进入安业坊陈墨长长的舒了一口气,暂时安全了。进家,田夏招呼着单大娘安排那一家四口,陈墨拉住田秋茂就跑到自己的屋内。
“那个被我放倒的歪嘴田管事应该知道吧?是什么来头?”
这时候的田秋茂刚刚缓过气来,陈墨一提那个歪嘴,田秋茂的脸色就变成了煞白:“那是。。。柳歪嘴,本名柳七,是内宫大宦官内侍监卿田焕的本家侄子,这次。。。大郎算是惹了大祸,一旦被侦知,恐无法善了!”
内侍监卿田焕看来进宫前本姓柳了,就是不知道这个内侍监卿田焕到底有多大能量,陈墨赶紧问:“内侍监卿田焕很了不起吗?”
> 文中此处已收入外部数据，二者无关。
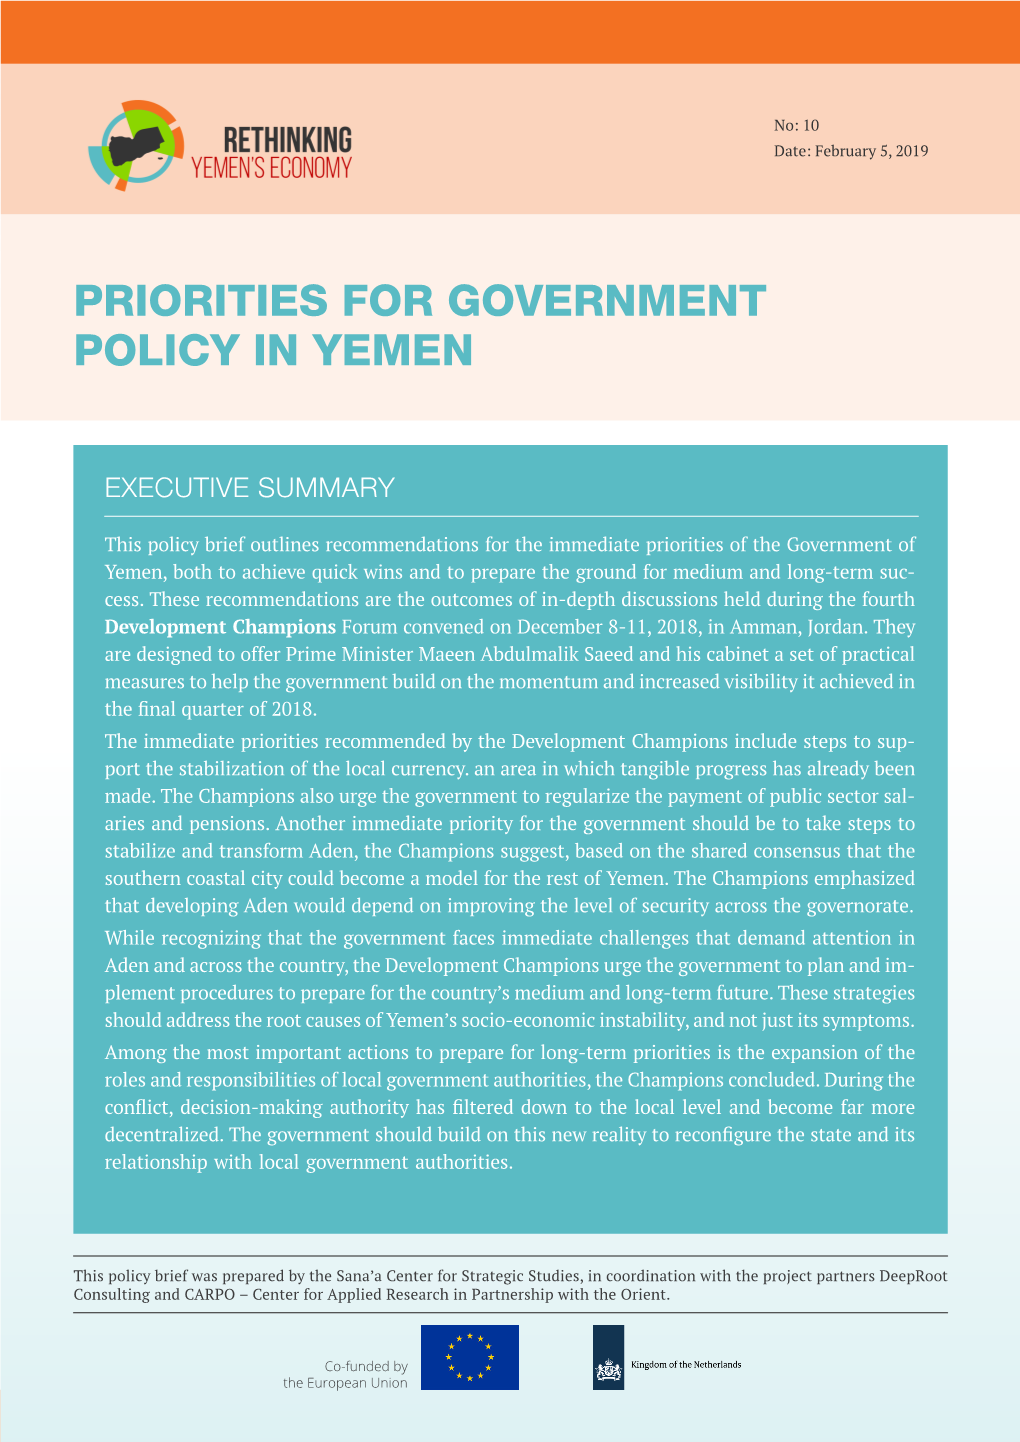 Priorities for Government Policy in Yemen

“岂止是了不起,我大唐现在基本是宦官说了算,公认的第一大宦官就是晋国公,观军容使田令孜。我大唐的宦官共有“四贵”,就是指两枢密使、两神策军中尉,田令孜其实就掌管着我大唐的军队和内宫,而这个田焕就是田令孜手下负责掌管内宫的第一人,据有人传言,田焕就是田令孜的养子,也是他的接班人。”田秋茂越说脸色越不好看,这个柳歪嘴果然是有霸道的资本。
“若被发现是我们打的,我兄长出面如何?”田秋茂叹了一声:“少将军的兵力不足,田焕恐怕不会把少将军看在眼里啊!”
有力量才有话语权,左睿在书面上只有八个都的士兵,作为内宫大总管的田焕怎么会把他看在眼里。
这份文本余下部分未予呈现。